Anyway, I have 9x9 tile, in a weird off-set grid pattern in black and white streaks. Much like this:
This is straight-up VCT. You can still buy tiles like this, but according to a comment on this post, most 9x9 tile is VAT: vinyl asbestos tile. Asbestos is a naturally-occuring mined substance used to make things stronger, heat-resistant, etc. It's a big business removing it but it's my understanding that it only really causes health problems when it become particulate and is inhaled in large quantities over a long period of time, mostly in an industrial or work setting. However, I'd prefer not to take too many risks, especially for my little cat who never leaves the house and has a small body. So after doing some research on local companies, I decided to take a sample and send it out to a lab to get tested! Wish me luck. If we do have asbestos, I might take the cat to a friend's house during demo and then get the air tested.

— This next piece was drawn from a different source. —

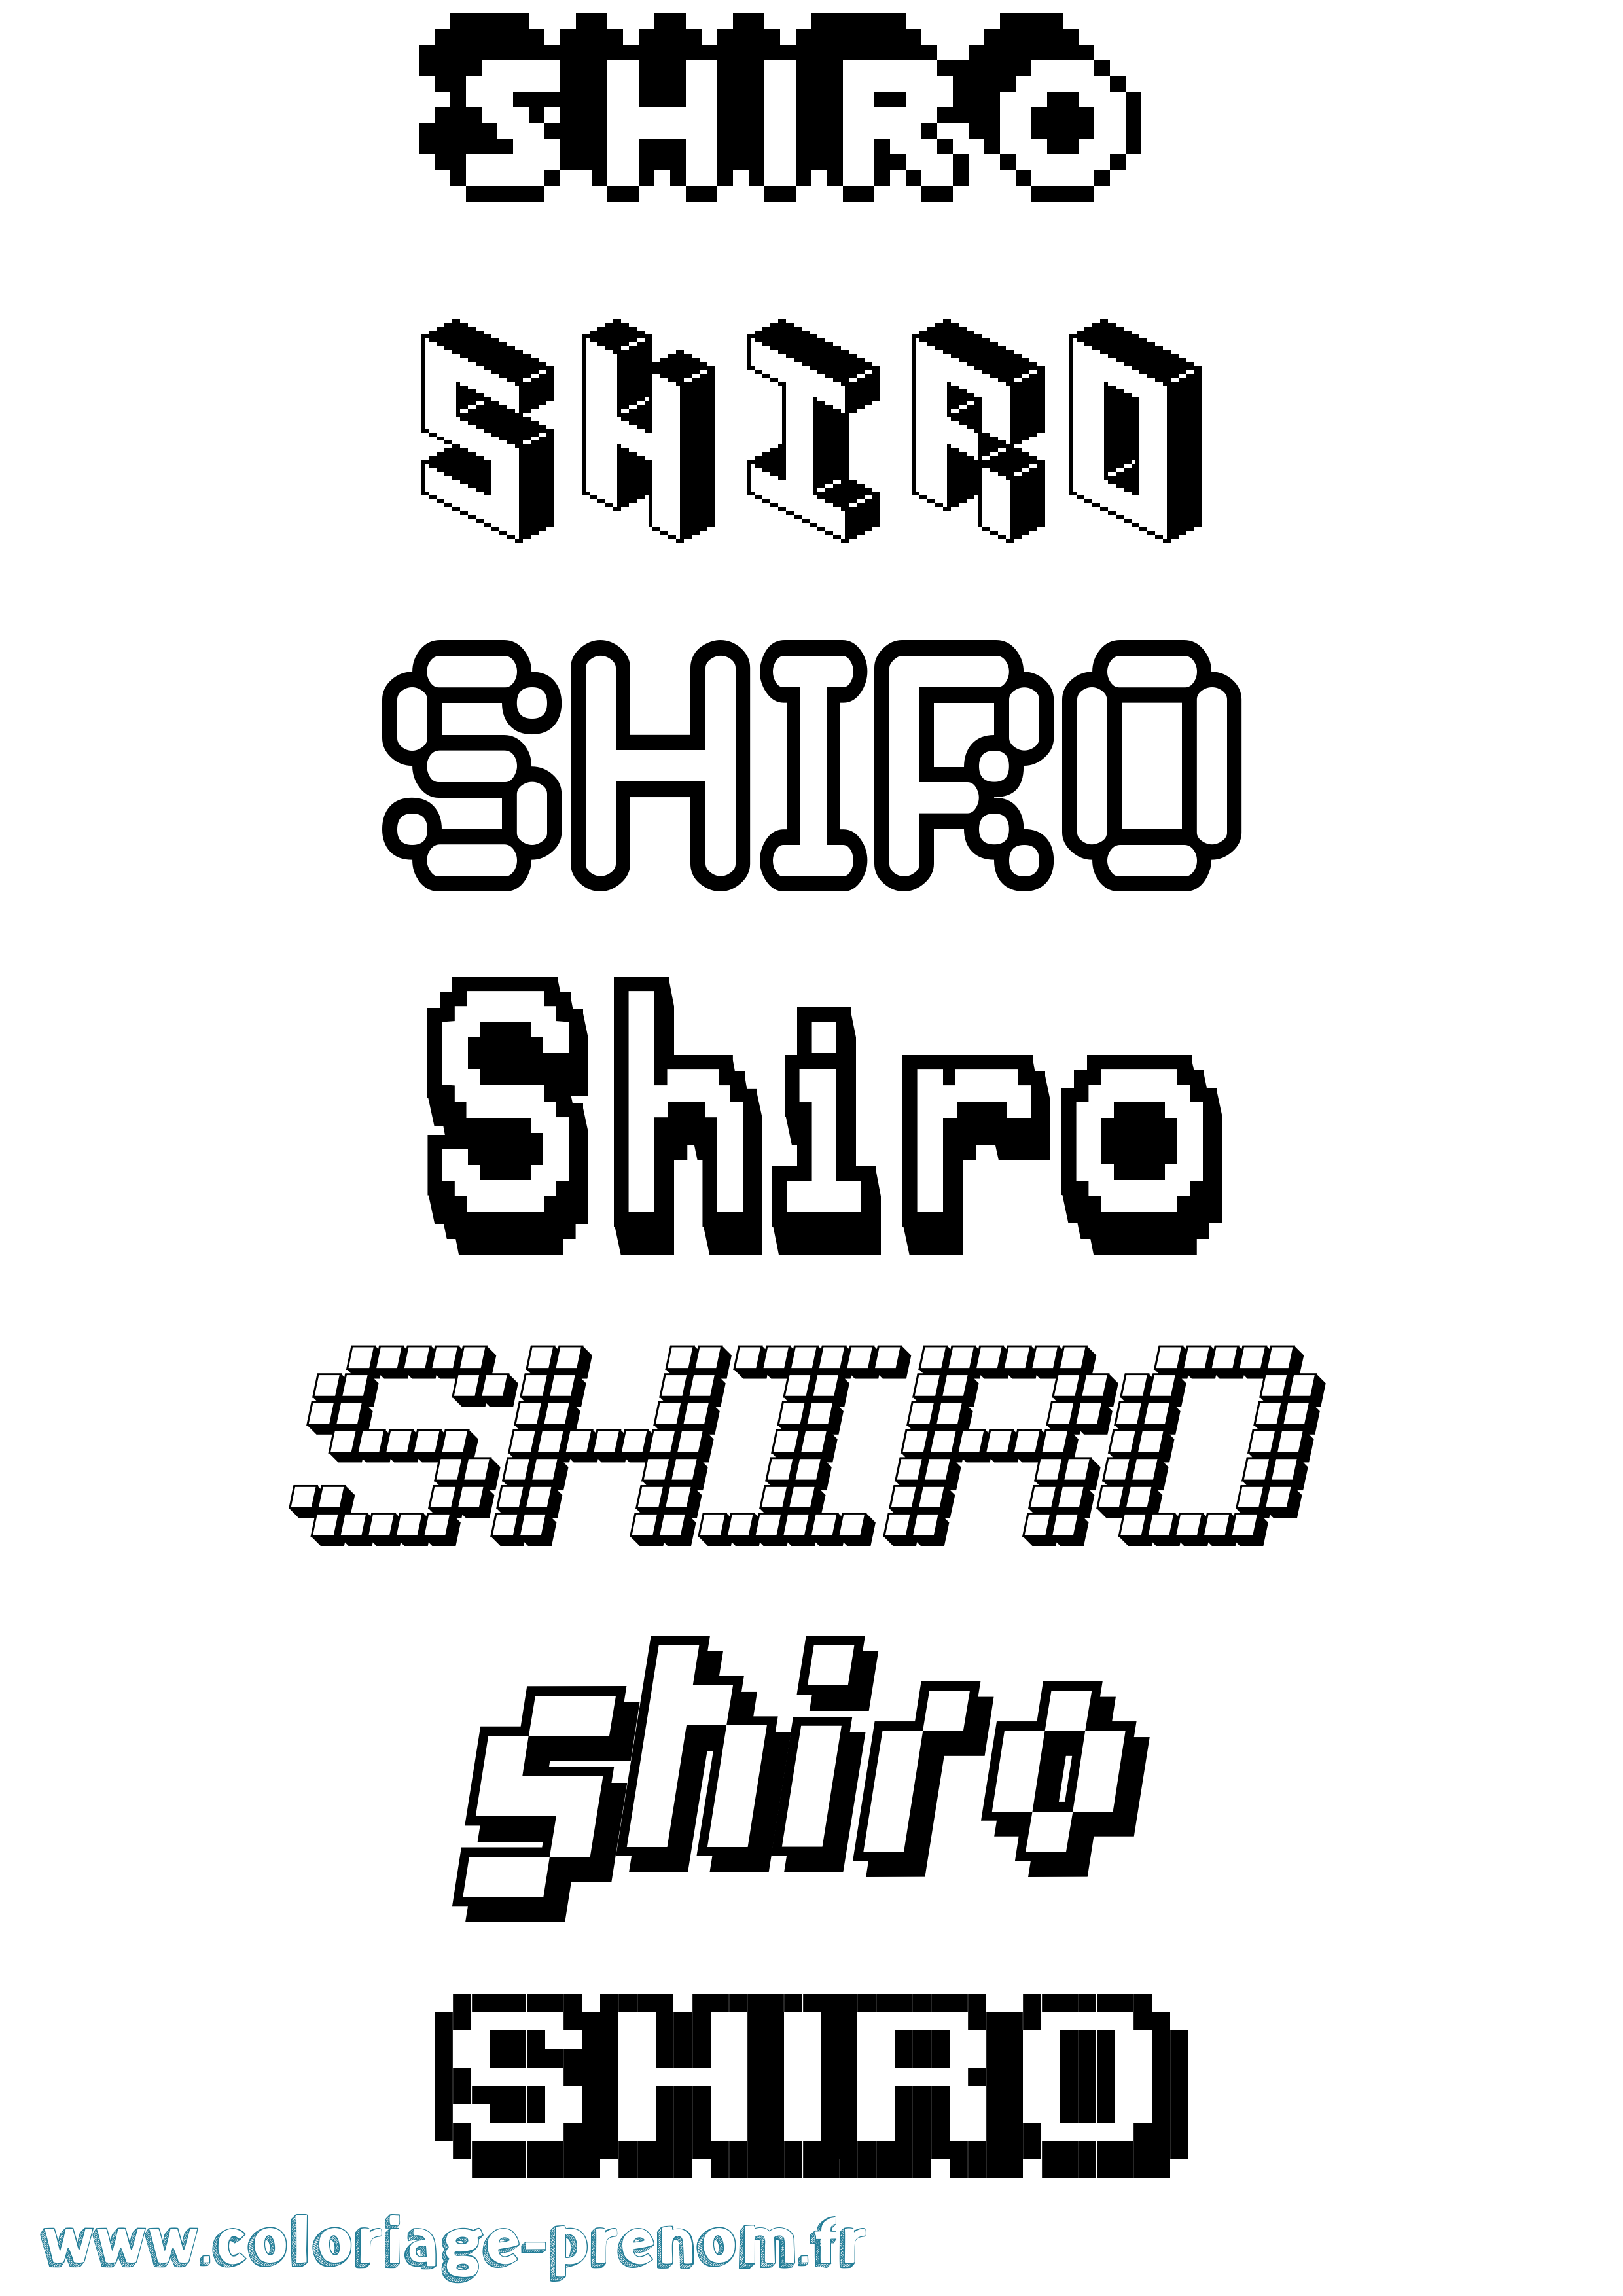 Coloriage prénom Shiro Pixel
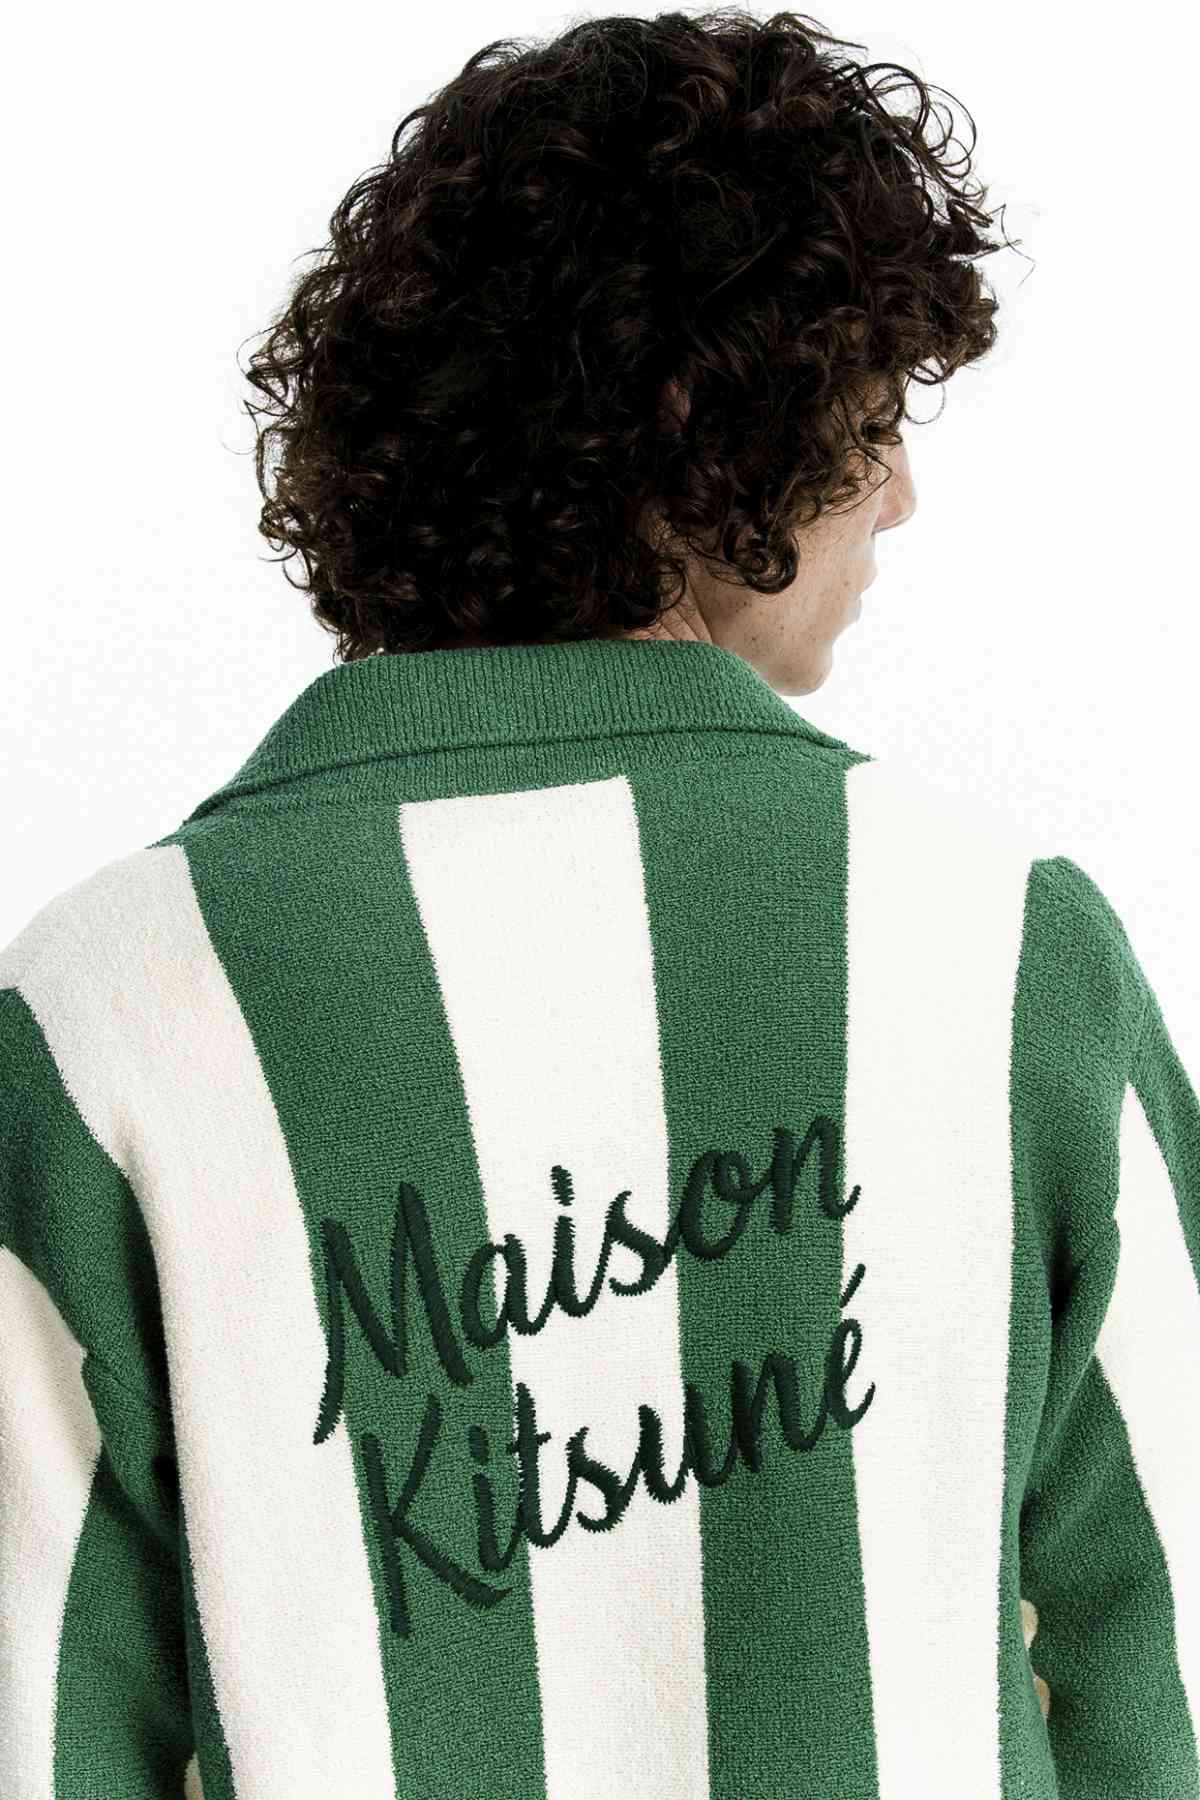 Maison Kitsuné's Colour Splash: The Spring-Summer 2023 Collection

As you can see in the top photo, under the tile, and the paper or cloth backing, there's wood!

Angels sing.

AND we pulled up a corner in the bedroom and there's wood floors underneath and no tile! Thank you, floor gods!

This makes me think that the back spare room might have been used as a kitchen, once upon a time. That would explain why you would put vinyl tile (or whatever it is) in a bedroom, and I also learned that it is directly above the upstairs neighbor's kitchen so the plumbing may have been aligned at one point in time. The kitchen we have now looks pretty 90s, so if it was moved out there say, 20 years or more after the kitchen in the back room was built, that makes the likelihood of my tiles being in the asbestos era even higher. But still, there's hope.